In sum, human linguistic creativity implicates something like a TGG that pairs discrete hierarchical structures relevant to meanings with discrete hierarchical structures relevant to sounds and does so recursively. Anything that doesn’t do at least this is going to be linguistically irrelevant as it ignores the observable truism that humans are, as matter of course, capable of using an unbounded number of linguistic expressions effortlessly.[10] Theories that fail to address this obvious fact are not wrong. They are irrelevant.

Is hierarchical recursion all that there is to linguistic creativity? No!! Chomsky makes a point of this in the preface to the enlarged edition of L&M. Linguistic creativity is NOT identical to the “recursive property in generative grammars” as interesting as such Gs evidently are (L&M: viii). To repeat, recursion is a necessary feature of any account aiming to account for linguistic creativity, BUT the Cartesian conception of linguistic creativity consists of far more than what even the most explanatorily adequate theory of grammar specifies.  What more?



[1] For an excellent discussion of this see Jackendoff’s very nice (though unfortunately (mis)named) Patterns in the mind (here).  It is a first rate debunking of the idea that linguistic minds are pattern matchers.
[2] This is not unique to the linguistic cognition. Lots of work in cog sci seems to identify higher cognition with categorization and pattern matching. One of the most important contributions of modern linguistics to cog sci has been to demonstrate that there is much more to cognition than this. In fact, the hard problems have less to do with pattern recognition than with pattern generation via rules of various sorts.  See notes 5 and 6 for more off handed remarks of deep interest.
[3] I suspect that some partisans of Construction Grammar fall victim to the same misapprehension.
[4] Many cog-neuro types confuse hierarchy with recursion. A recent prominent example is in Frankland and Greene’s work on theta roles. See here for some discussion. Suffice it to say, that one can have hierarchy without recursion, and recursion without hierarchy in the derived objects that are generated. What makes linguistic objects distinctive is that they are the products of recursive processes that deliver hierarchically structured objects.
[5] Note that unbounded implies novelty, but novelty can exist without unboundedness.

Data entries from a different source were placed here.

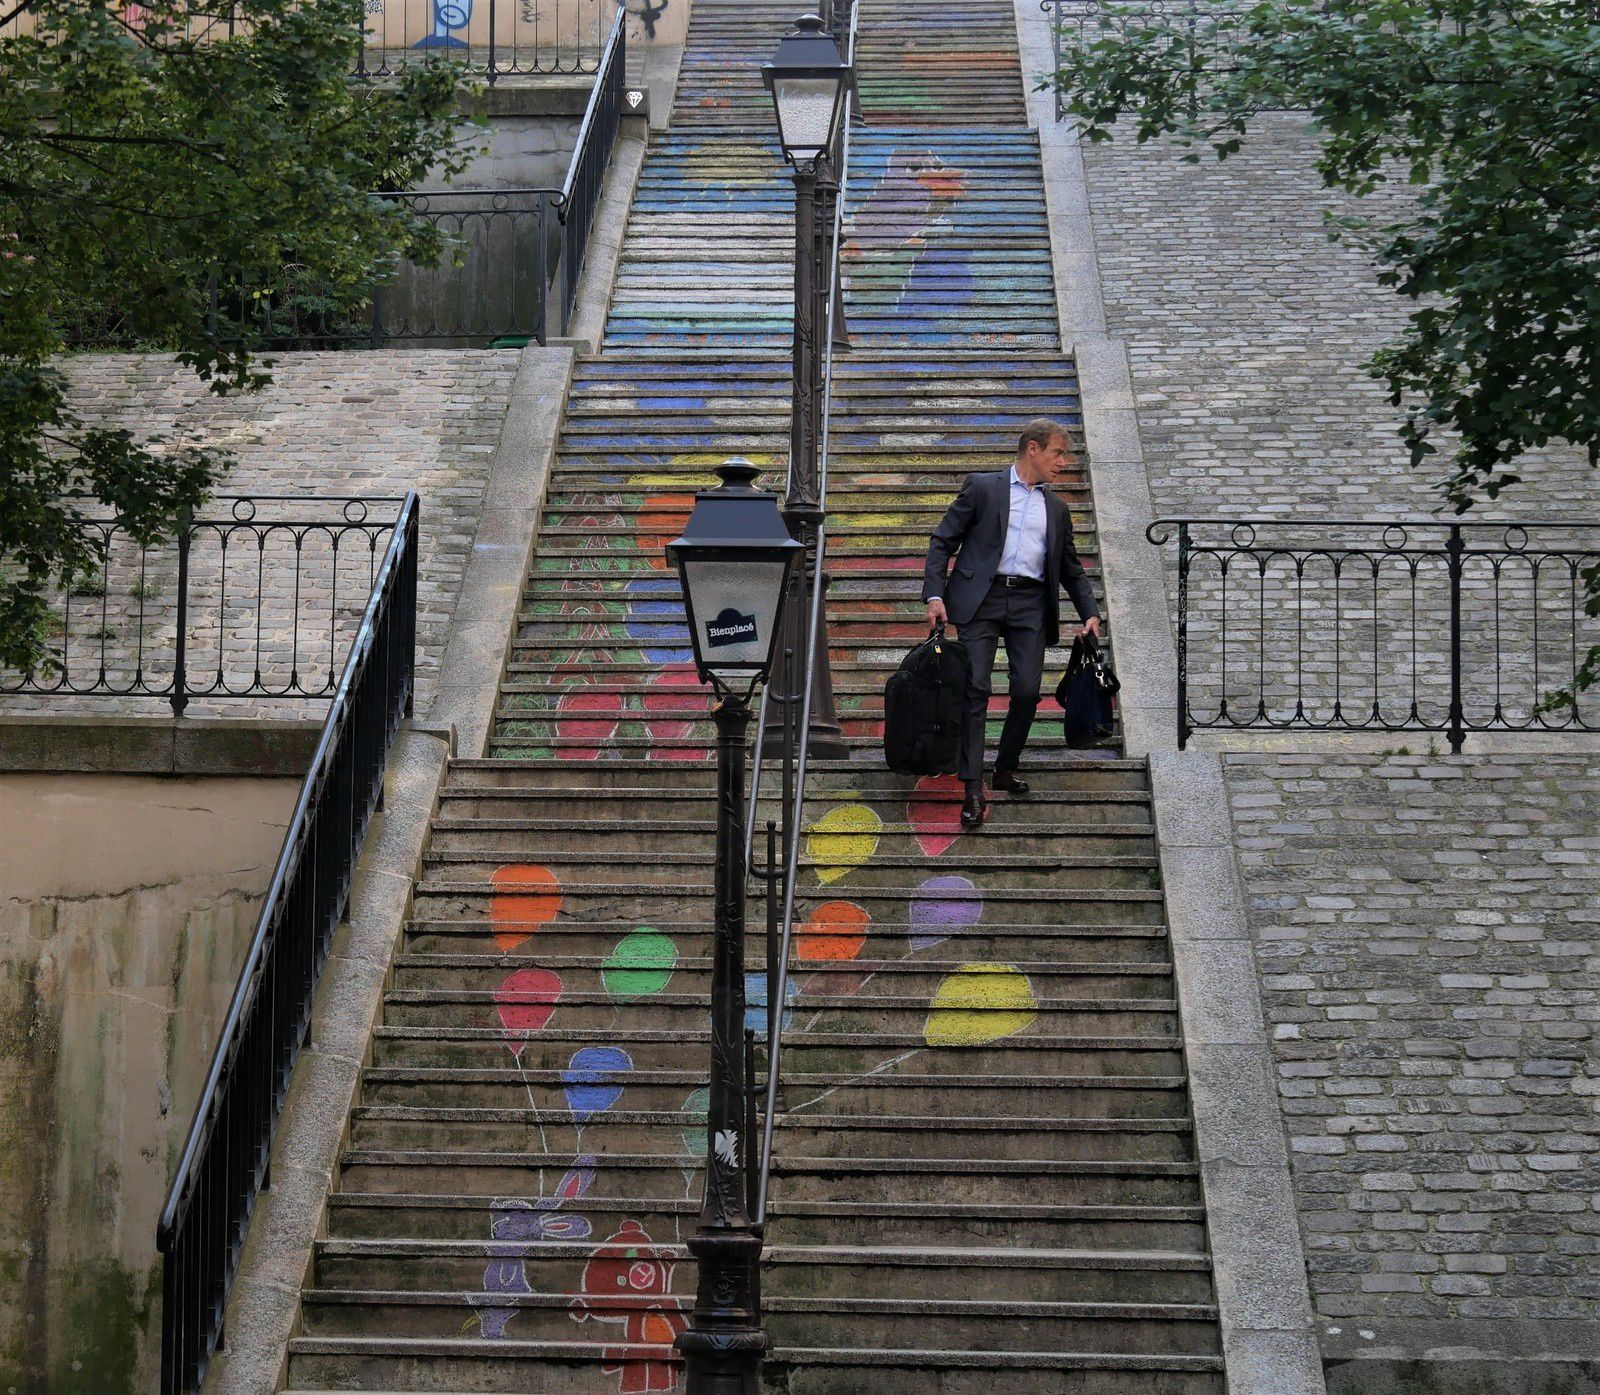 Les escaliers de craie décorés par les enfants des écoles en mai 2019.
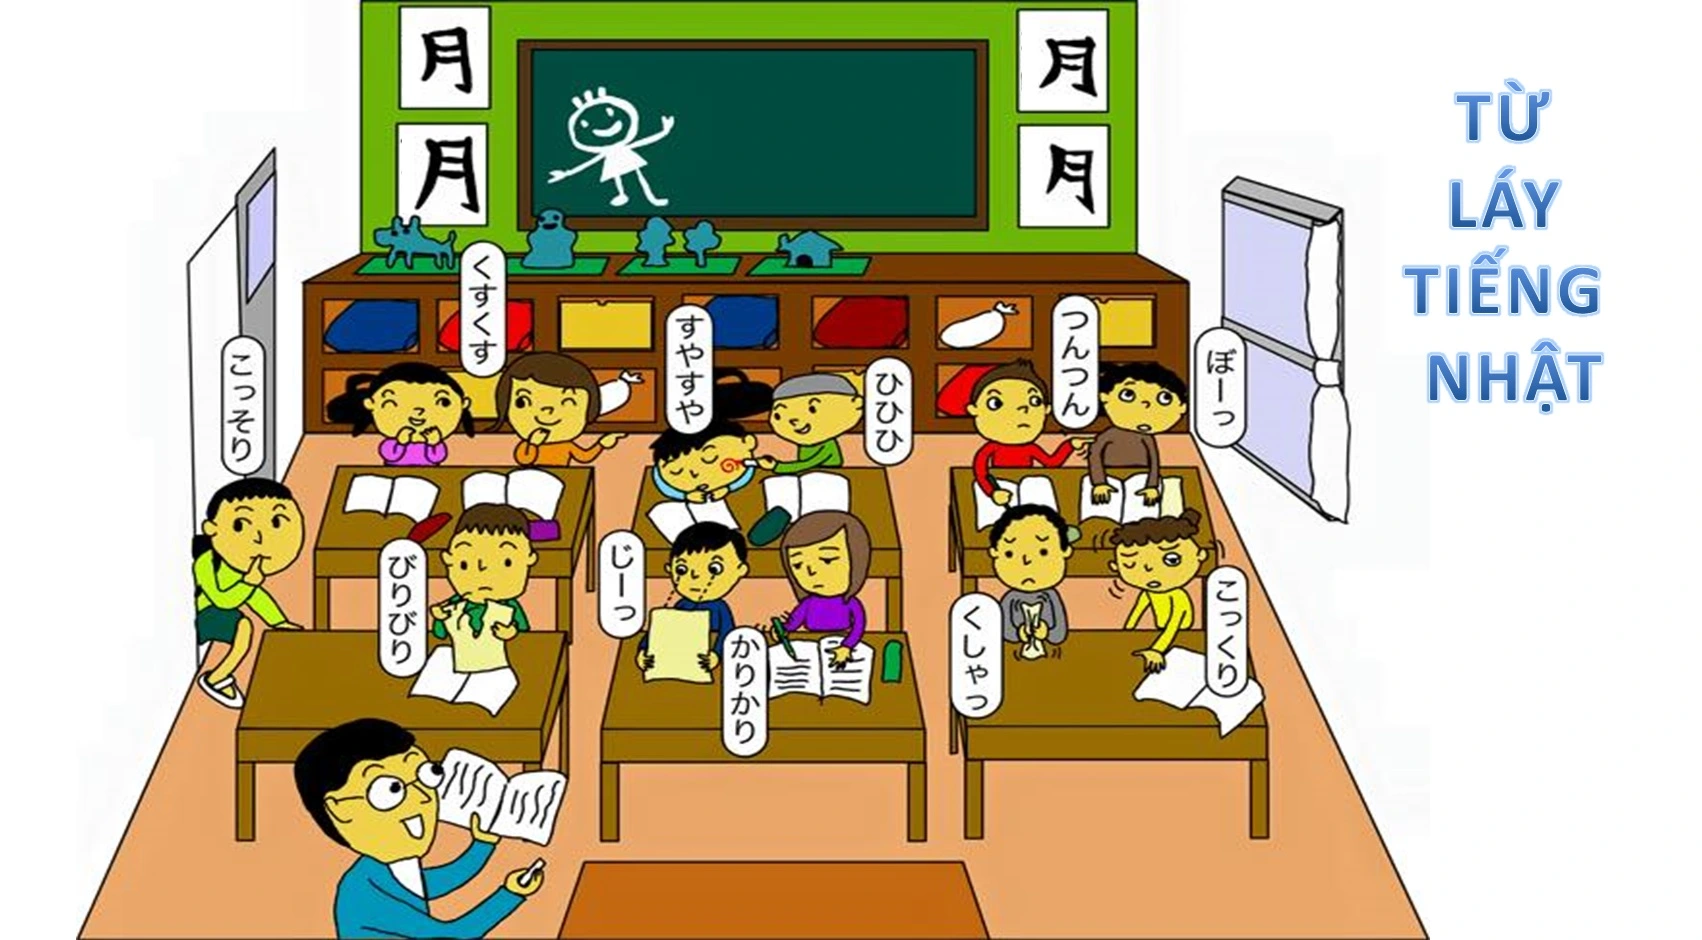 Học từ láy tiếng Nhật hiệu quả
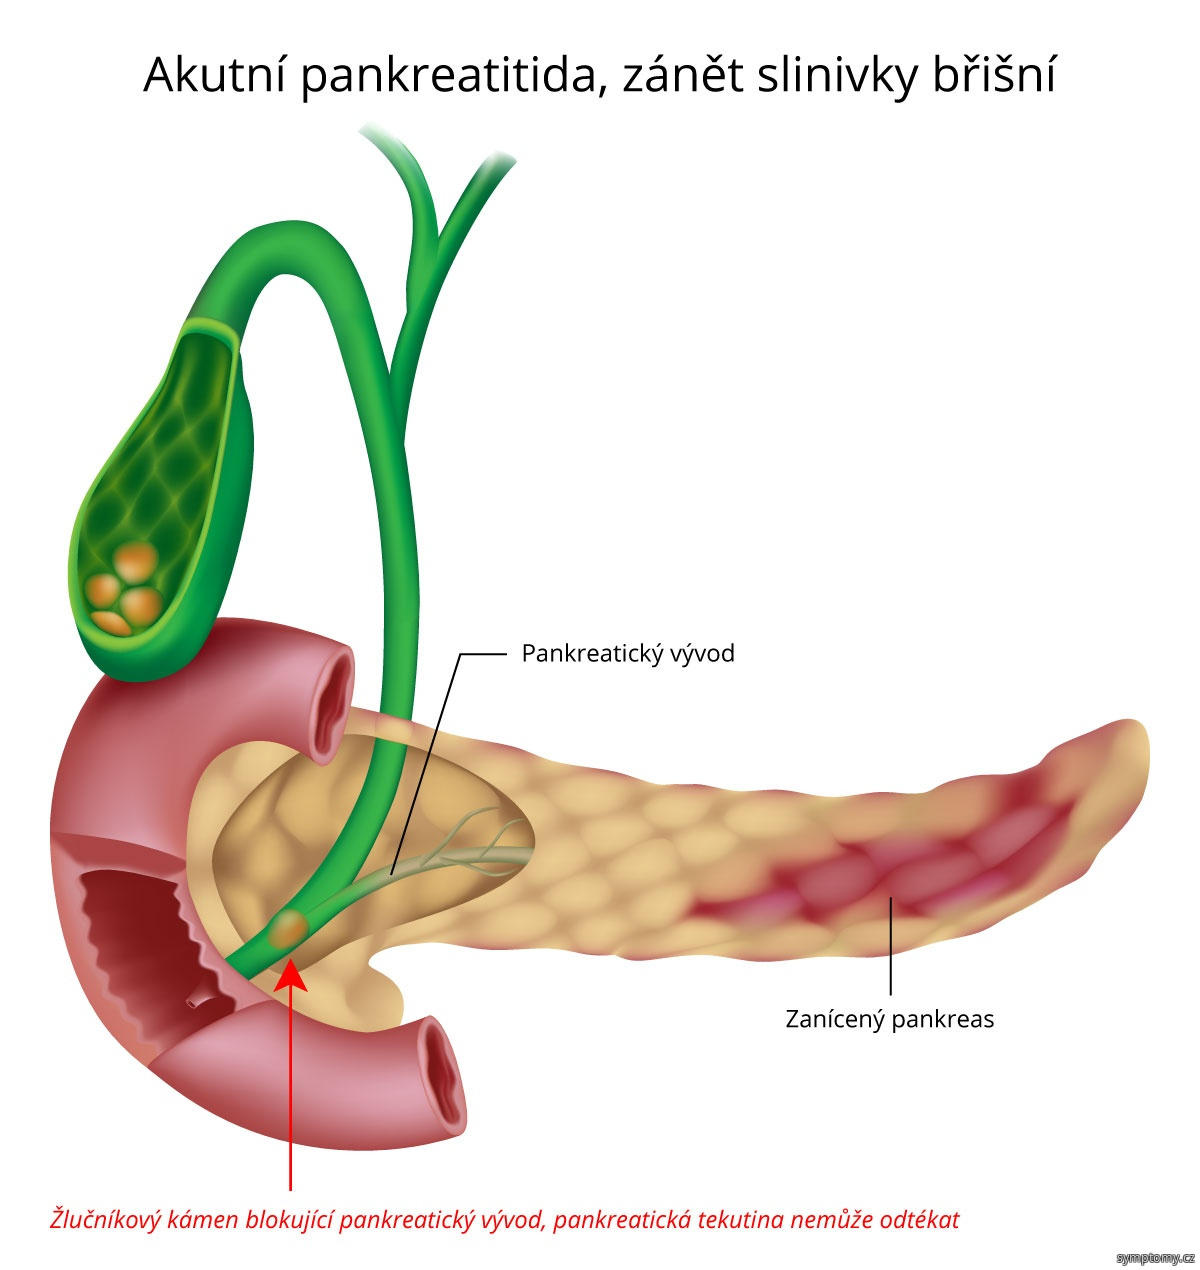 Akutní pankreatitida - zánět slinivky břišní

The creativity issue relates to easy handling of novel structures. This can occur even in small finite domains. Creativity implies projection, which must specify a dimension of generalization along which inputs can be extended to apply to instances beyond the input. Unboundedness makes projection a no-brainer. It further implies that the generalization involves recursive rules. Unboundedness cannot be pattern matching. It requires a specification of rules that can be repeatedly applied to create novel patterns. Thus, it is important to keep the issue of unboundedness separate from that of projection. What makes the unboundedness of syntax so important is that it requires that we move beyond the pattern-template-categorization conception of cognition.
[6] It is arguable that some rules are more manifest in the data that others are and so are more accessible to inductive procedures. Chomsky makes this distinction in L&M, contrasting surface structures which contains “formal properties that are explicit in the signal” to deep structure and transformations for which there is very little to no such information in the signal (L&M:19). For another discussion of this distinction see (here).
[7] Thus the hope of unearthing phrases via differential intra-phrase versus inter-phrase transition probabilities.
[8] We really should distinguish between ‘learning’ and ‘acquisition.’ We should reserve the first term for the pattern recognition variety and adopt the second for the induction to rules variety. Problems of the second type call for different tools/approaches than those in the first and calling both ‘learning’ merely obscures this fact and confuses matters.
[9] Although this is a sermon for another time, it is important to understand what a good model does: it characterizes the underlying mechanism. Good models model mechanism, not data. Data provides evidence for mechanism, and unless it does so, it is of little scientific interest. Thus, if a model identifies the wrong mechanism not matter how apparently successful in covering data, then it is the wrong model. Period. That’s one of the reasons connectionist models are of little interest, at least when it comes to syntactic matters.
            I should add, that analogous creativity concerns drive Gallistel’s arguments against connectionist brain models. He notes that many animals display an effectively infinite variety of behaviors in specific domains (caching behavior in birds or dead reckoning in ants) and that these cannot be handled by connectionist devices that simply track the patterns attested. If Gallistel is right (and you know that I think he is) then the failure to appreciate the logic of infinity makes many current models of mind and brain beside the point.
[10] Note that unbounded implies novelty, but novelty can exist without unboundedness. The creativity issue relates to easy handling of novel structures. This can occur even in small sets. Creativity implies projection which must specify a dimension of generalization along which inputs can be extended to apply to instances beyond the input. Unboundedness makes projection a no-brainer. It further implies that the generalization is due to recursive rules that require more than establishing a fixed number of patterns that can be repeatedly filled to create novel instances of that pattern.

Tuesday, July 12, 2016

Informant/consultant data can be very tricky

Talk about data problems!  Here is one we should all be aware of. Beware native speakers with an agenda or a sense of humor.  Thx to Paul Pietroski for bringing this sever data problem wrt speaker judgments.

Sunday, July 10, 2016

Some more pieces on scientific publishing

Here are three more short pieces (here, here, here) on the academic publishing landscape. All three relate to publishing in bio-med and so have only a glancing relation to what goes on in linguistics. We are shielded from many of the problems cited by the relative irrelevance of our work for useful products. There is clearly a lot of pressure on research to come to the right conclusion in some fields. So maybe we should consider our lack of funding from certain sources to be a partial blessing.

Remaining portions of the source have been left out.